遺伝子診療科では、遺伝に関する不安や心配を感じておられる方、遺伝性の病気や症状をもつ患者さんやそのご家族に対して遺伝カウンセリングを行っています。担当は、臨床遺伝専門医(3名)と認定遺伝カウンセラー(2名)が中心となり、必要に応じて他診療科の臨床遺伝専門医や各診療科の主治医が加わったチームで対応しています。

平成30年度に保険適用の遺伝学的検査が全て実施できる体制を整え、令和2年度には173件の遺伝学的検査を実施しました。

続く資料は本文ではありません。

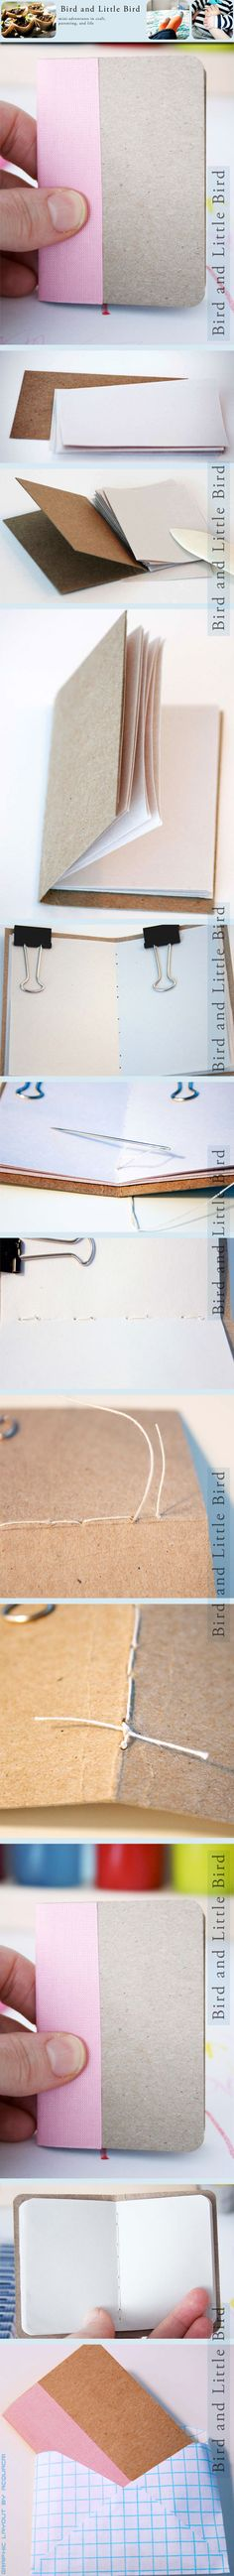 mini-book center stitched   mini libro cucito in centro   #DIY #tutorial #howtomake #faidate #comefarea

令和2年度は、週12枠、各60~90分で、393件(初診209件/再診184件)の遺伝カウンセリングを実施しました(昨年度比144件増)。来談者は山陰に居住されている方がほとんどですが、鳥取、島根両県を除く中国、近畿地方にお住いの方もおり、全国から来られています。従来、当院では小児領域の疾患に対する遺伝カウンセリングの割合が多かったのですが、最近では遺伝性腫瘍、周産期領域の遺伝カウンセリング数が増加しており、令和2年度はこれら2つの領域の遺伝カウンセリング件数が全体の5割以上を占めました。

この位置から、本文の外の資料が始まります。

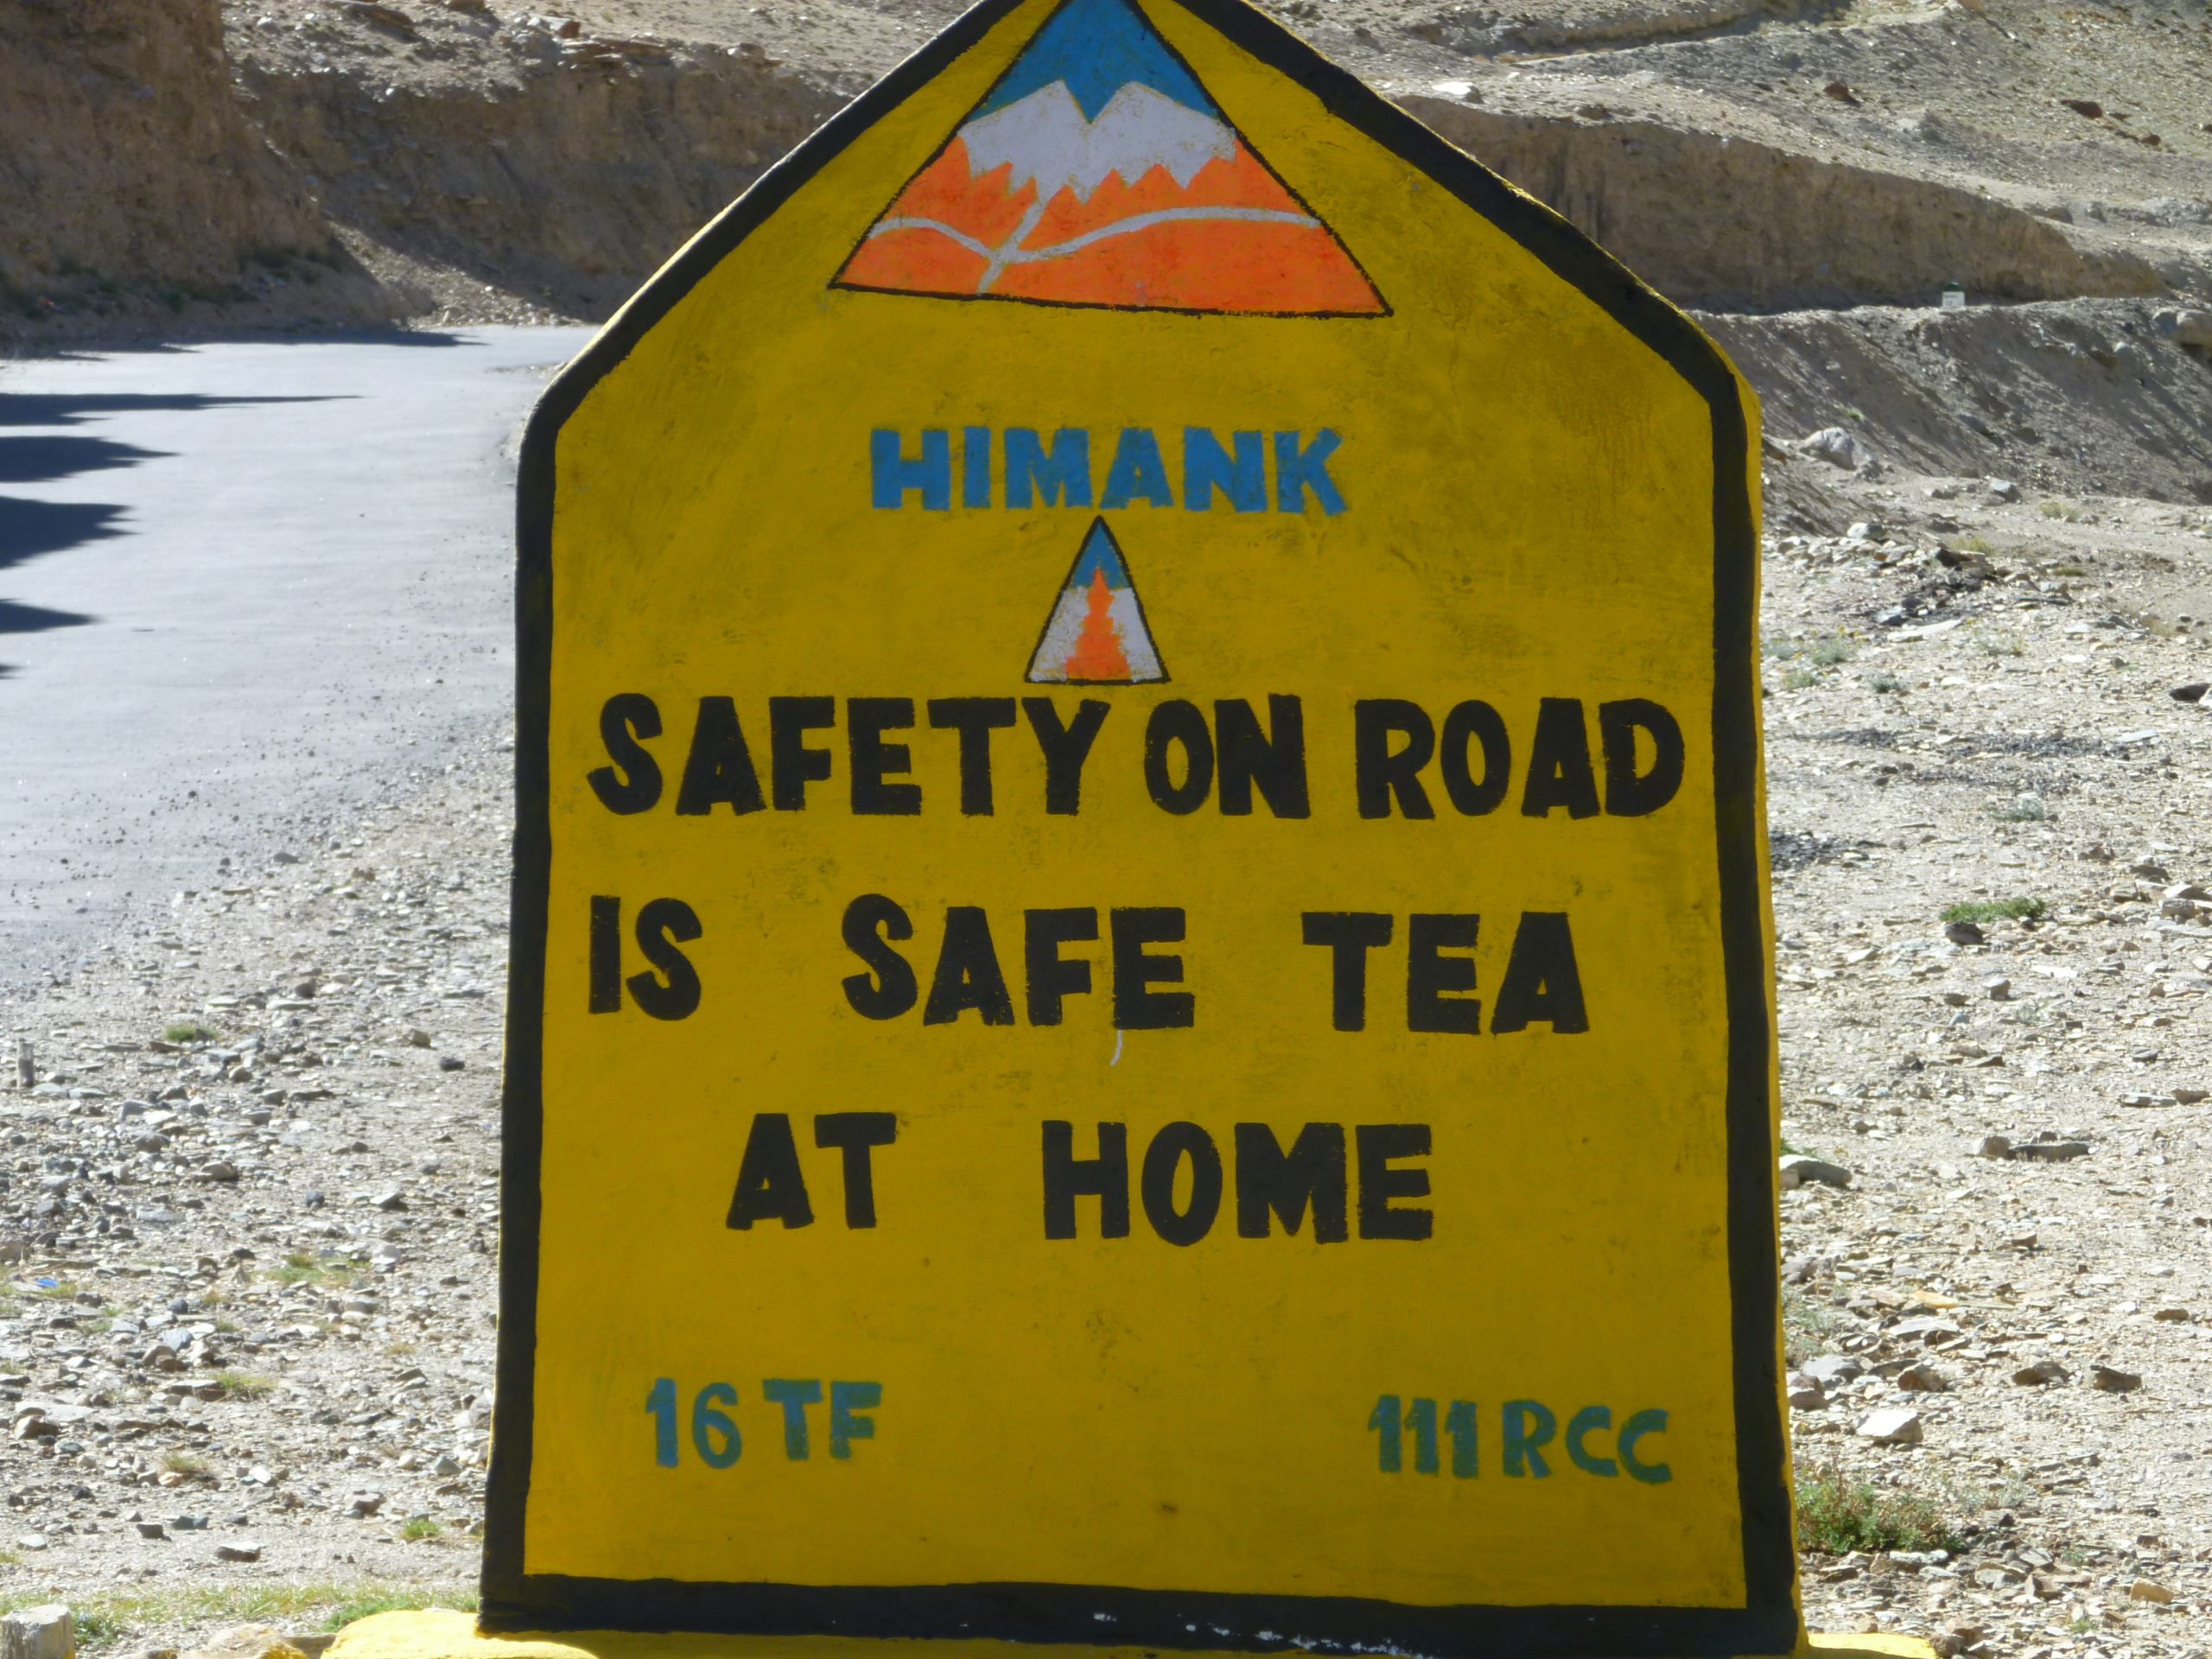 Radreise Ladakh 2012 - Himank-Hinweistafel

現在、本邦におけるがんゲノム医療推進の認識が広がる中、当院でもより充実した体制で対応していく必要があることから、関連する診療科と協力し、遺伝性腫瘍患者の拾い上げとフォローアップのための連携体制を構築しています。遺伝性乳がん卵巣がん症候群(HBOC)診療にあたっては女性診療科、乳腺外科、泌尿器科、消化器内科、消化器外科医師、看護師と連携し、平成29年2月から毎月HBOC診療ミーティングを行い、HBOC診療にあたっています。平成30年度に再発・転移性乳がん、令和元年に進行卵巣がん、令和2年に去勢抵抗性前立腺がん、および治癒切除不能な膵癌におけるBRCAコンパニオン診断が保険診療となり、当院では検査前後の遺伝カウンセリングを当科で実施しています(令和2年度103件)。また、一般社団法人日本遺伝性乳癌卵巣癌総合診療制度機構の施設認定である｢遺伝性乳癌卵巣癌総合診療連携施設｣に認定されており、データ登録研究に参加しています。昨年度は96件の登録を行いました。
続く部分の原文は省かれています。